Method and device for calculating process variables of an industrial process
A method and a device are provided for calculating in advance the process variables of an industrial process. The method, which consists of at least one empirical model and a core model, is subsequently adapted and optimized using a model that has a partial inverse structure in relation to the core model. The empirical models are optimized by means of adaption or training algorithms, which, in addition to known process parameters, have the empirical variables calculated by the partial inverse core model as basic input variables.
[0001] This application is a continuation of co-pending International Application No. PCT/DE01/04467 filed Nov. 28, 2001 which designates the United States, and claims priority to German application number DE10059567.7 filed Nov. 30, 2000.
FIELD OF THE INVENTION[0002] The invention relates to a process and a device for calculating process variables.

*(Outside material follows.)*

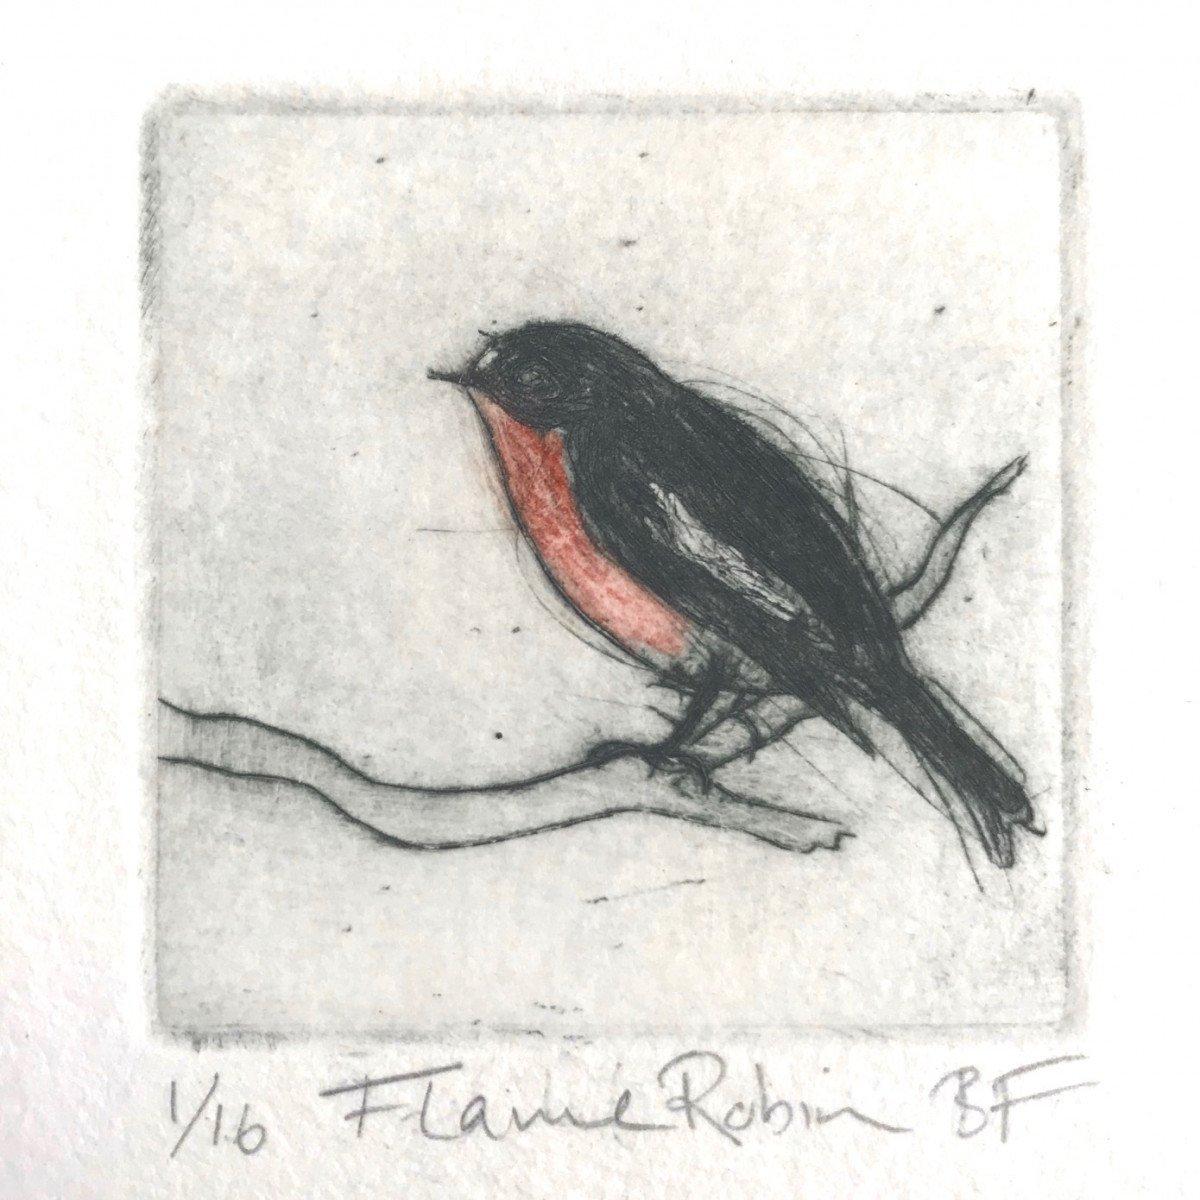 Flame Robin - Bridget Farmer

BACKGROUND OF THE INVENTION[0003] In the closed-loop or open-loop control of industrial processes, in particular in the case of installations of the basic materials industry, such as for example steelworks, it is necessary to determine process variables or states in advance, since they are not available at the time at which they are needed in the closed-loop or open-loop control. Furthermore, it is desirable to optimize the calculation of these process variables or states online, i.e. during the production sequence.

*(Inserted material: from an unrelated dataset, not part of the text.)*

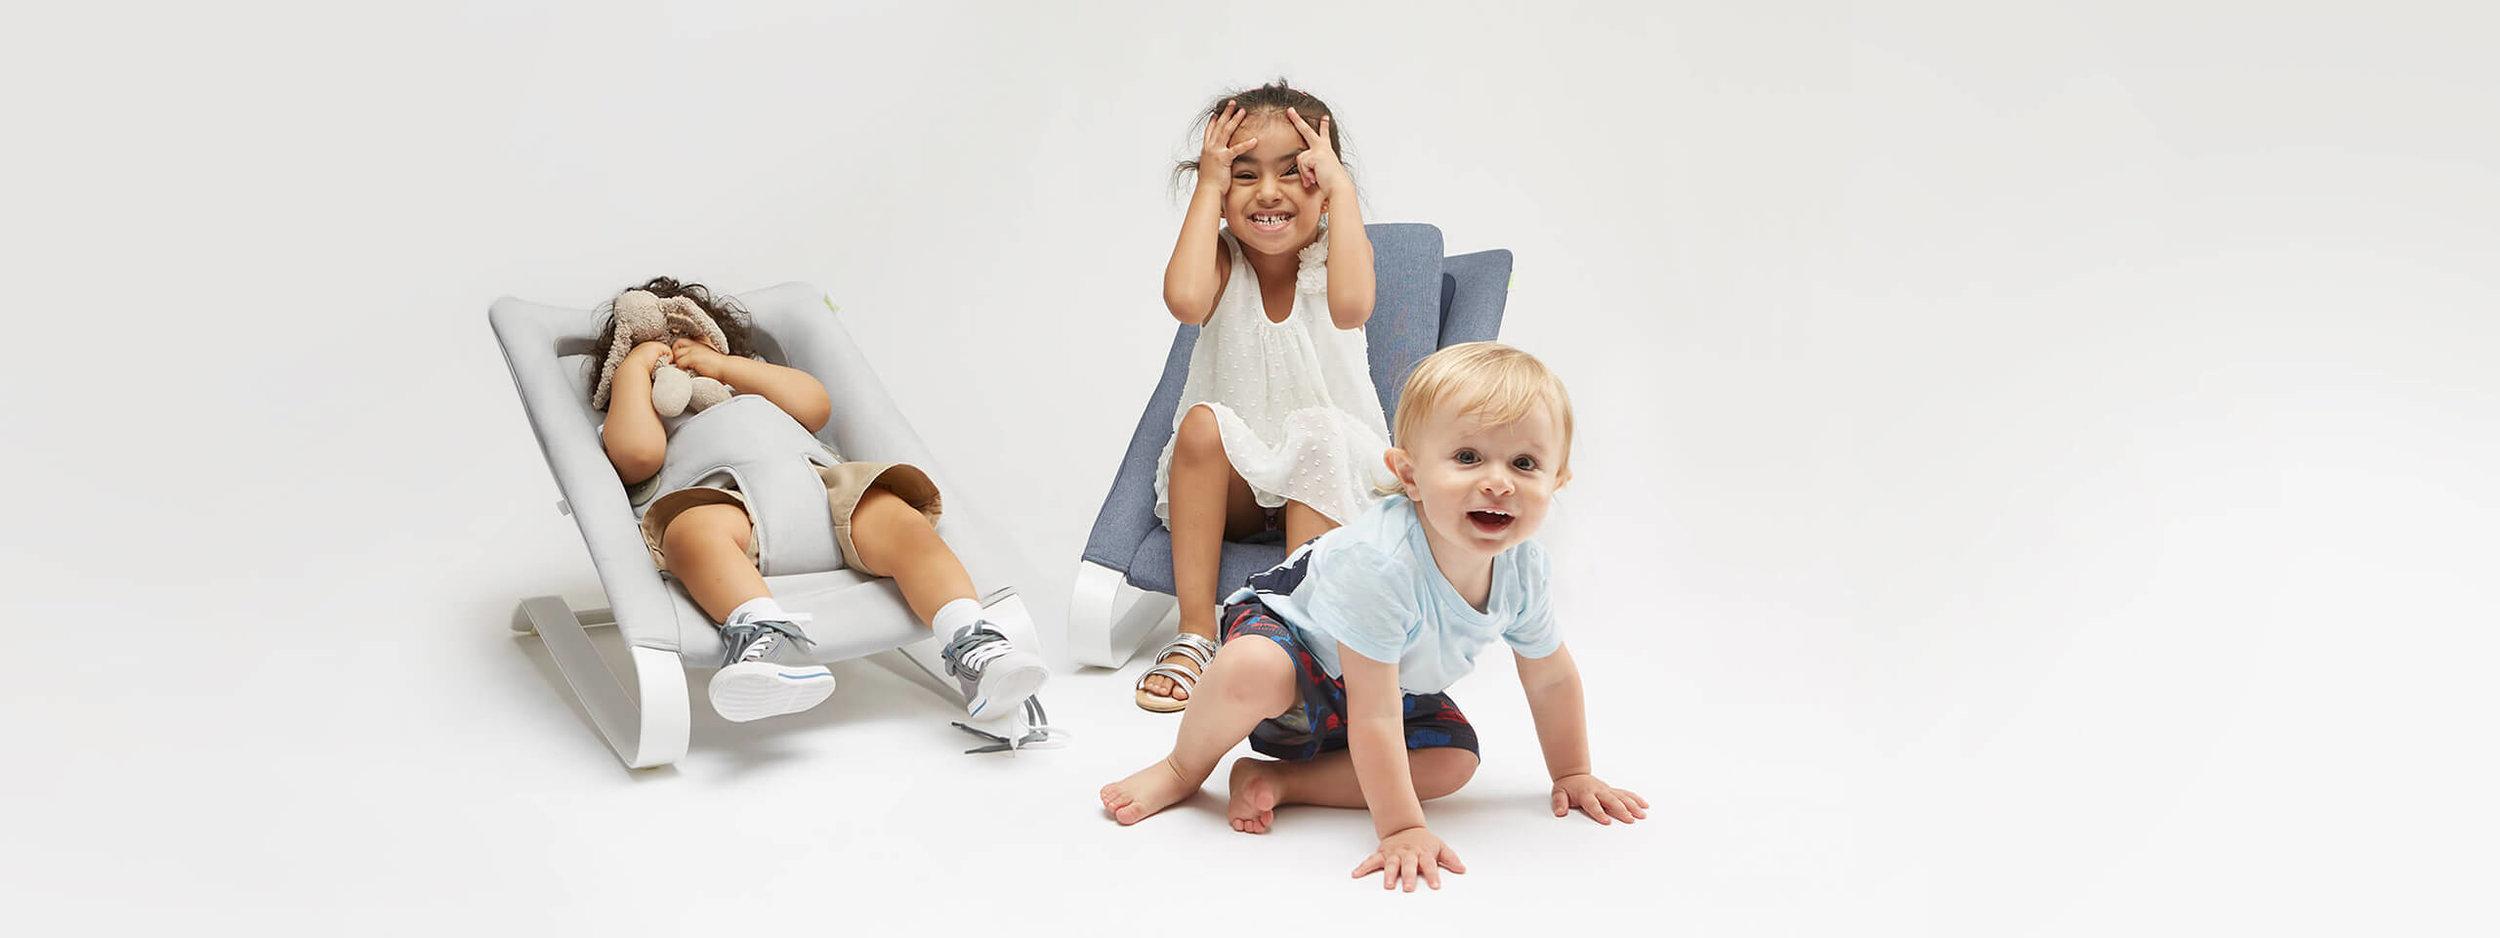 Bombol-Bamboo-baby-bouncer-playing-kids.jpg

[0004] It is common practice to determine process variables with the aid of a model. Before the beginning of each process sequence, known process parameters are used as a basis for calculating in advance required unknown process variables, with which a presetting of the system is performed. During the process sequence, the models used are optimized by means of measured process variables.
[0005] Adaptive models which are used in the process automation of industrial processes often comprise a physical core model. This core model describes the interrelationships which can be described in mathematical-physical terms with sufficient accuracy with the current state of knowledge (DE 43 38 608 A1). Process variables for which no sufficiently accurate mathematical-physical theory exists as yet are today determined by means of empirical models. These empirical models are either set up manually, i.e. during the commissioning of an industrial process installation, or adapted from direct comparison between measured process variables and calculated process variables.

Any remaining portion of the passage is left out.